Narayanan Chandrakumar | |
Birth Date: | 25 November 1951 |
Birth Place: | Tamil Nadu, India |
Nationality: | Indian |
Known For: | Studies on rotating frame coherence transfer and Nuclear magnetic resonance |
Narayanan Chandrakumar (born 1951) is an Indian chemical physicist and a professor of chemistry at the Indian Institute of Technology, Madras.[1] He was the founder of the first Nuclear magnetic resonance (NMR) laboratory in India and is known for developing a new technique for NMR imaging and diffusion measurement.[2] He is an elected fellow of the Indian National Science Academy[3] and the Indian Academy of Sciences.[4] The Council of Scientific and Industrial Research, the apex agency of the Government of India for scientific research, awarded him the Shanti Swarup Bhatnagar Prize for Science and Technology, one of the highest Indian science awards, in 1996, for his contributions to chemical sciences.[5]
N. Chandrakumar, born on 25 November 1951, in the south Indian state of Tamil Nadu, graduated in chemistry from Loyola College, Chennai in 1970 and completed his master's degree at IIT Madras in 1972. His doctoral studies were at IIT Kanpur under the guidance of P. T. Narasimhan, a Shanti Swarup Bhatnagar laureate, which he completed in 1979 and joined Central Leather Research Institute (CLRI) as a research associate in 1980. He served the institute till 2001, holding positions such as that of a scientist, head of the Physical Sciences Division and a director-grade scientist and moved to IIT Madras where he is a professor at the department of chemistry. In between, he served as visiting scientist at JEOL, National Institutes of Health (1986), and at University of Siegen (1993). He also had visiting professorships at University of Ulm (1997–98) and INSERM, Grenoble (2001).
Chandrakumar is credited with the establishment of the first NMR laboratory in India which he accomplished during his early years at Central Leather Research Institute; later he would set up MRS and MRI facilities at IIT Madras. He is the inventor of the new NMR imaging technique for diffusion measurements and has done studies on rotating frame coherence transfer and multiple quantum NMR, high resolution spin-1 NMR and spin-1 connectivity mapping.[6] He holds seven patents for the processes he has developed.[7] His researches have been detailed in two monographs, Modern techniques in high-resolution FT-NMR[8] and Spin-1 NMR[9] and several articles published in peer-reviewed journals.[10] ResearchGate, an online article repository, has listed 85 of them.[11] He has also edited the journals Magnetic Resonance, Diamond Jubilee Special Issue of the Proceedings (Chemical Sciences) of the Indian Academy of Sciences.[12] He has also supervised several doctoral scholars in their studies.

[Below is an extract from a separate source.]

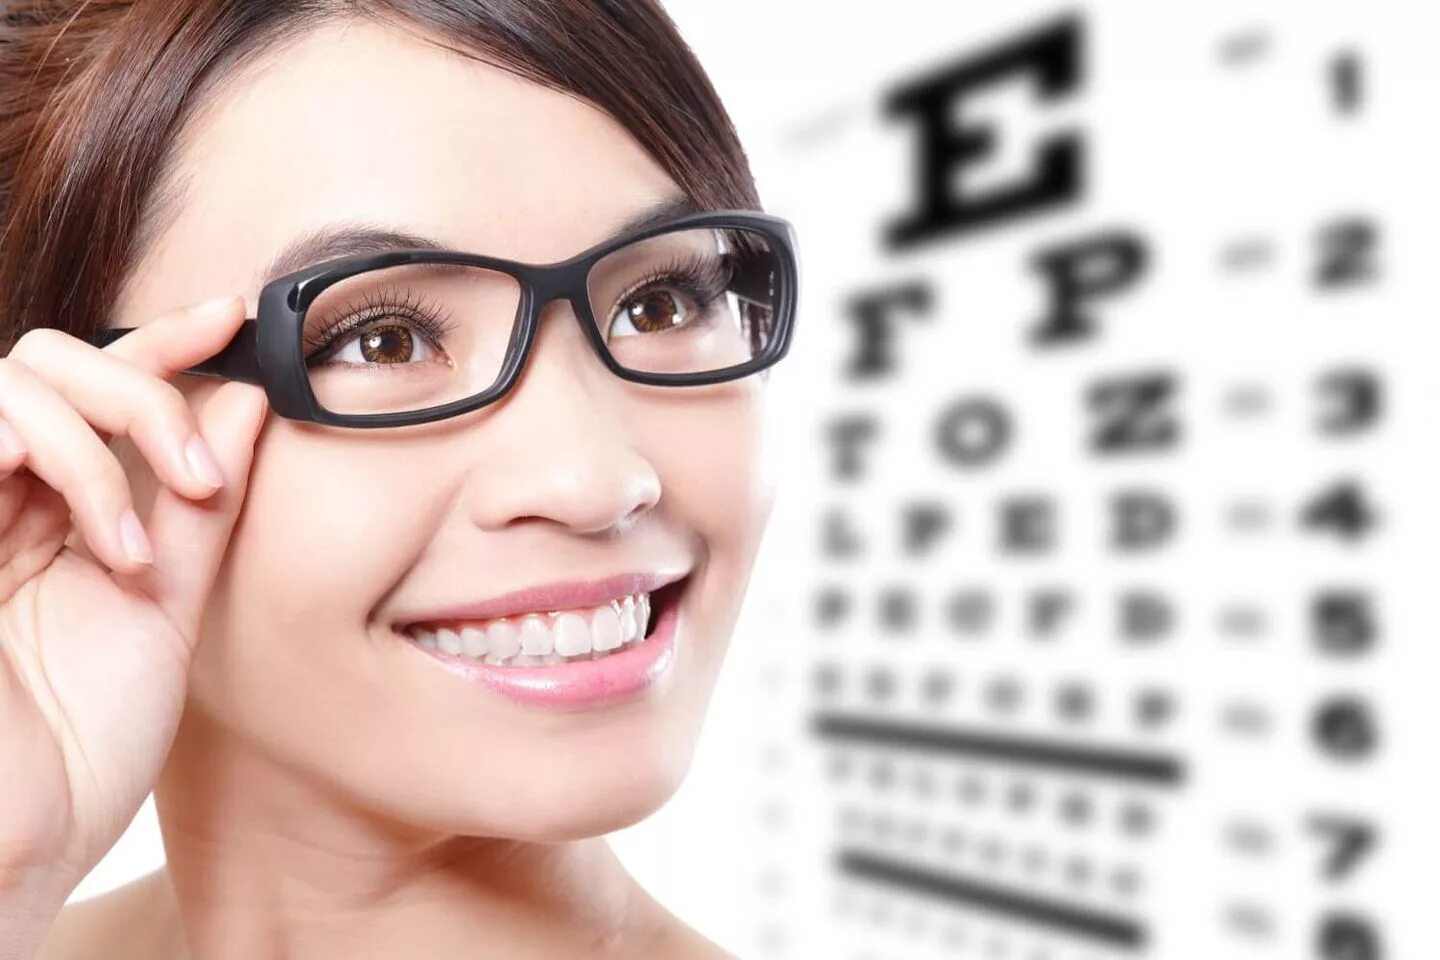 Оптика очки для зрения. Реклама очков для зрения. Девушка в очках для зрения. Очки для дальнозоркости.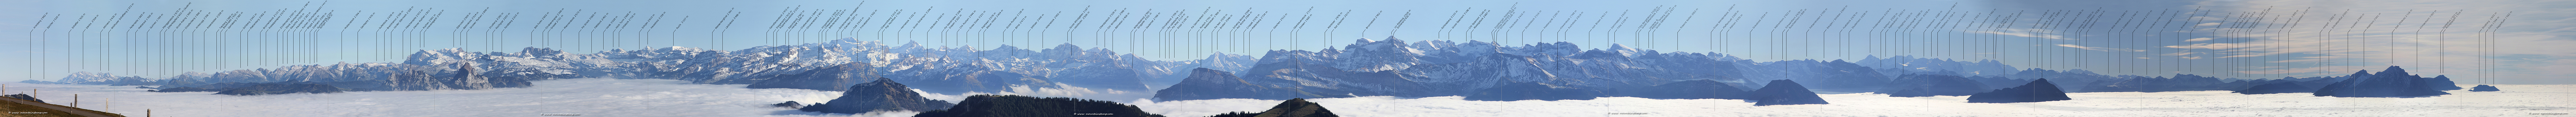 Swiss panorama Rigi Kulm Alpenpanorama Bergpanorama panorama panoramic view Swiss Alps

Chadrakumar received the Bruker Young Scientist Award in 1985. Two years later, he received the Young Scientist Award of the Council of Scientific and Industrial Research in its first issue in 1987. CSIR honored him again in 1996 with the New Idea Fund Award and the Shanti Swarup Bhatnagar Prize, one of the highest Indian science awards, in 1996.[13] He was awarded the Millennium Medal by the Indian Science Congress Association in 2000 and the Chemical Research Society of India awarded him the Silver Medal in 2008.[14] The award orations he has delivered include Professor R. K. Asundi Memorial Lecture (2002), the Professor K. Rangadhama Rao Memorial Lecture (2004) of the Indian National Science Academy and the Professor N. Venkatasubramanian Endowment Lecture (2003).[15] The Indian Academy of Sciences elected him as their fellow in 1993 and he became a fellow of the Indian National Science Academy in 1997. He also held the INSA-DFG Exchange Fellowship in 1988, Fellowship of the Max Planck Gesellschaft in 1989 and, 1990, INSA Visiting Fellowship for MRI / MRS Research at AIIMS in 1994, Honorary Senior Fellowship of the Jawaharlal Nehru Center for Advanced Scientific Research in 1997 and the J. C. Bose National Fellowship in 2009.